One limitation of the current study is that we have not identified which acoustic-phonetic cues infants use to detect boundaries at the prosodic word level. Recent studies have suggested that duration cues alone are sufficient for adults to perceive the boundary between prosodic words.^12,17 However, these studies did not rule out the possibility that adults are also sensitive to other prosodically conditioned acoustic-phonetic cues to word boundaries, such as degree of coarticulation or changes in consonant realization due to initial strengthening.^10,11 Thus, there remains the possibility that during the course of early language acquisition infants must learn which acoustic-phonetic cues mark boundaries in their language. It may be the case that infants learn the cues marking smaller junctures such as word boundaries by attending to large junctures such as phrase and utterance boundaries.

Another area for future research will be to identify when infants begin using word-level acoustic-phonetic cues to parse the speech stream. Doing so will be important for integrating our findings with current models of developmental word segmentation. Perhaps sensitivity to word-level acoustic-phonetic cues to word boundaries develops along with sensitivity to phonotactic and allophonic cues at around the end of the first year of life, and in combination these cues help infants overcome their over reliance on lexical stress cues to word boundaries, i.e., integration of word-level acoustic-phonetic cues with other word segmentation cues may help English learners begin extracting noninitially stressed words from speech. Another possibility is that sensitivity to acoustic-phonetic cues begins developing even earlier, perhaps at the very earliest stages of word segmentation.¹⁹ If this were the case, then this would have important implications for current models of developmental word segmentation.

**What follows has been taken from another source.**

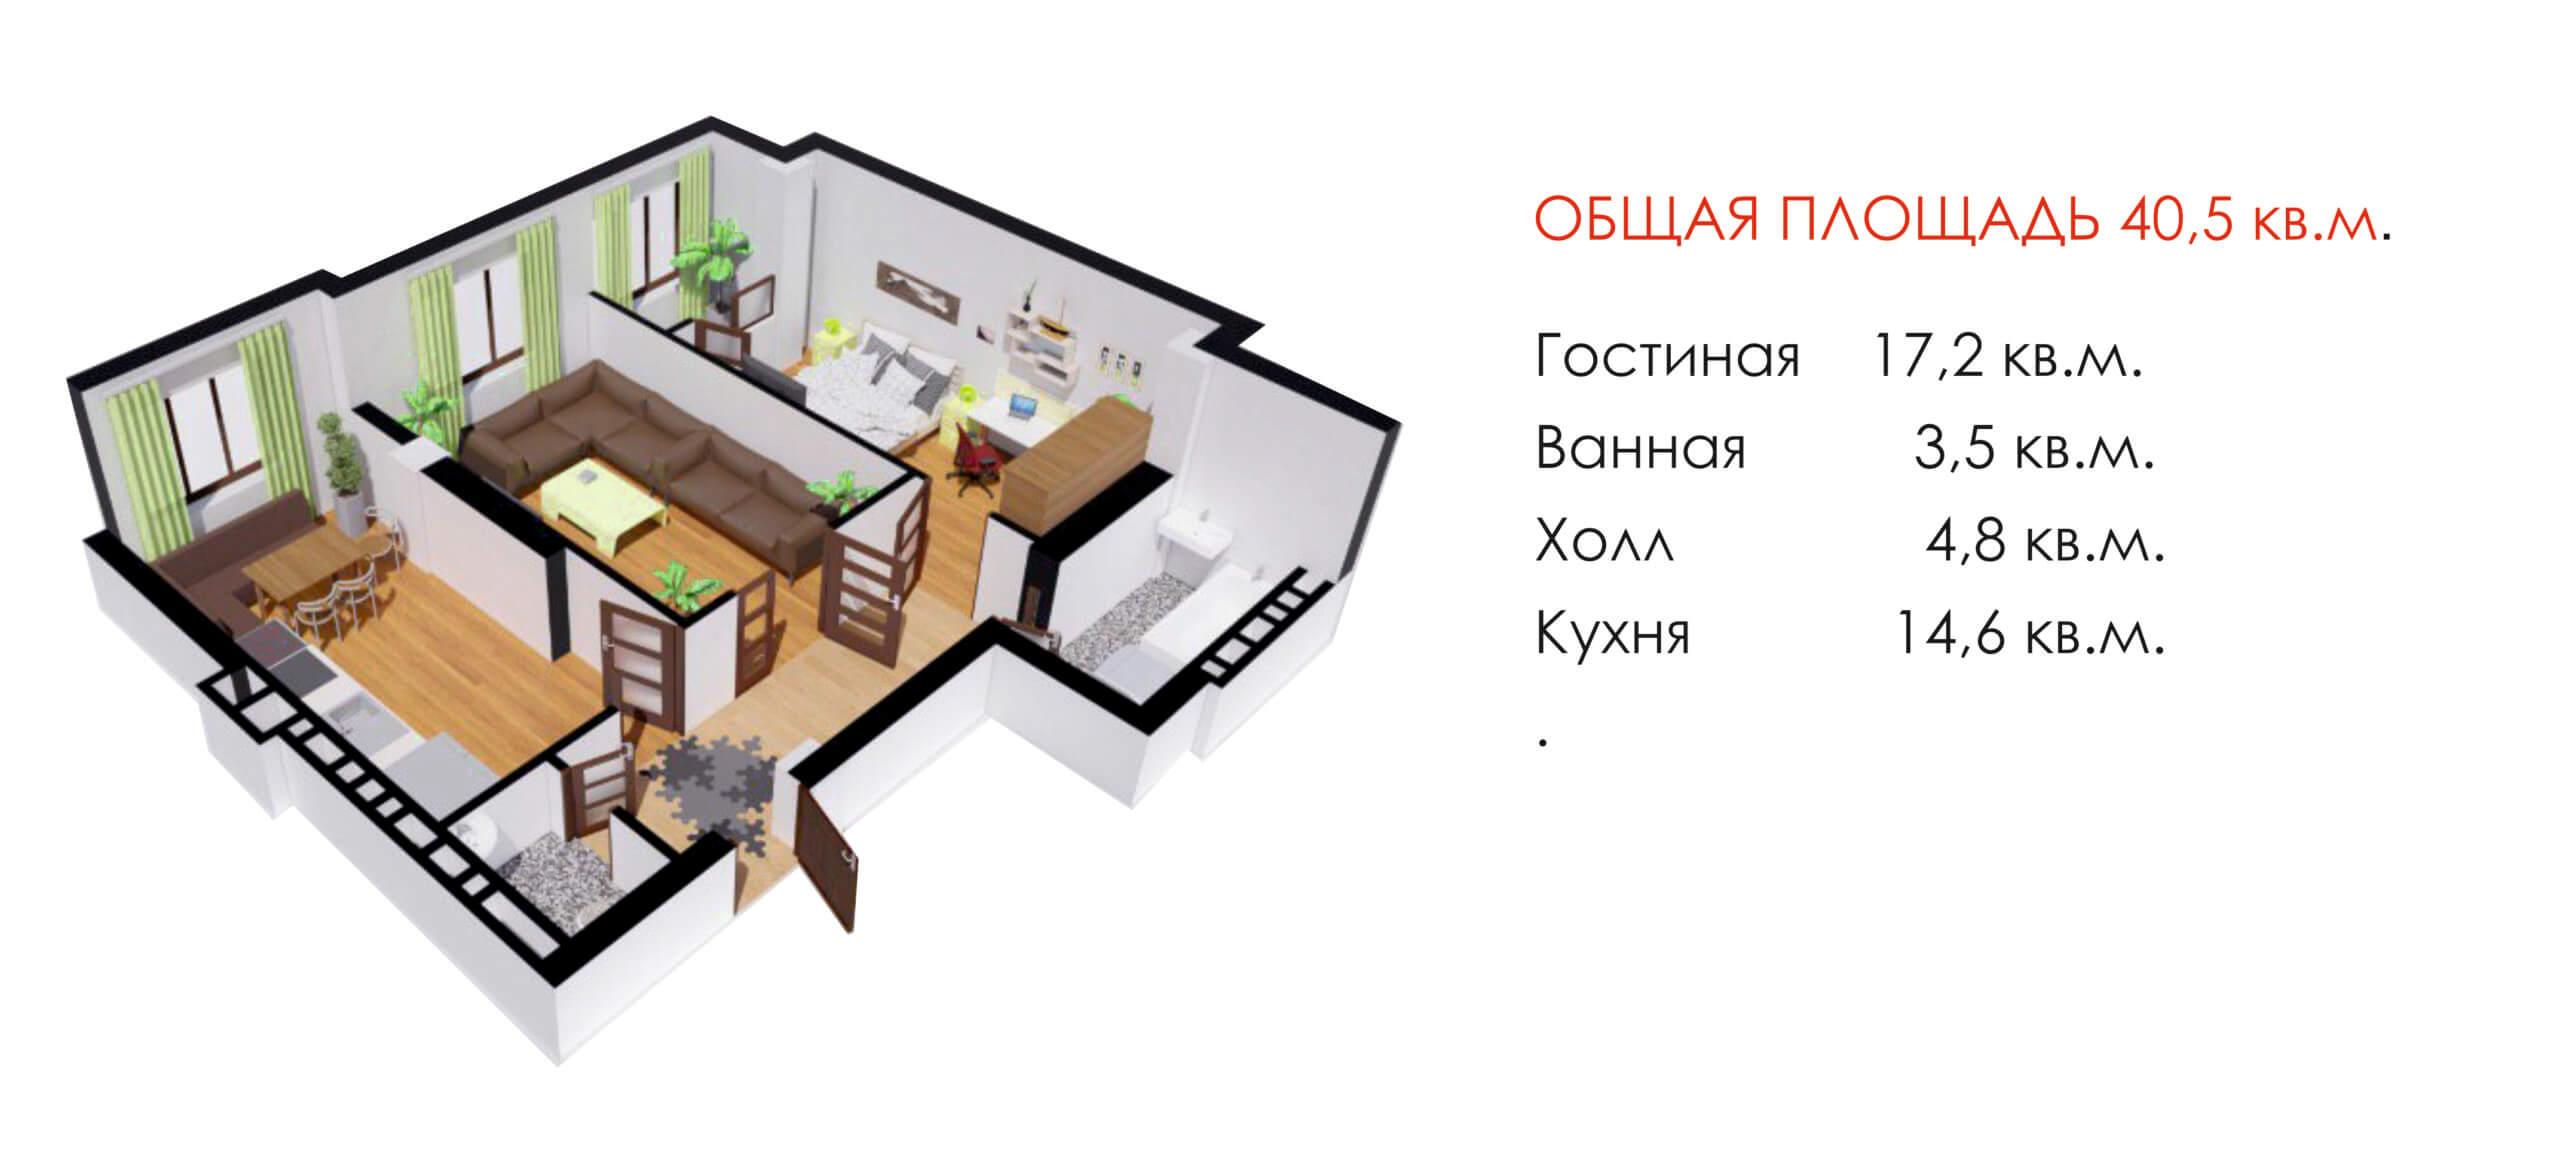 Однокомнатная квартира 40,5 кв.м.

Distributional models posit that infants begin segmenting words from speech by tracking conditional probabilities between syllables, i.e., syllables pairs that are statistically likely to co-occur are likely to be words. Once infants have segmented enough words from speech by tracking conditional probabilities between syllables, then they can notice that most of the words begin with a stressed syllable.¹⁴ Eventually, enough additional segmentation cues are learned for infants to reach an adult-like ability to extract words from speech. If infants were sensitive to prosodically conditioned acoustic-phonetic cues at the onset of word segmentation abilities, then this sensitivity would greatly constrain the use of distributional strategies to find word boundaries. Thus, it is important that future work investigate when and how infants begin detecting prosodically conditioned word boundaries in fluent speech.

I thank P. Jusczyk and the Jusczyk Lab Executive Committee for inspiring this work. I thank J. Miller, S. Shattuck-Hufnagel, A. M. Jusczyk, A. Cutler, B. Landua, and A. Seidl for invaluable help leading to the completion of this study.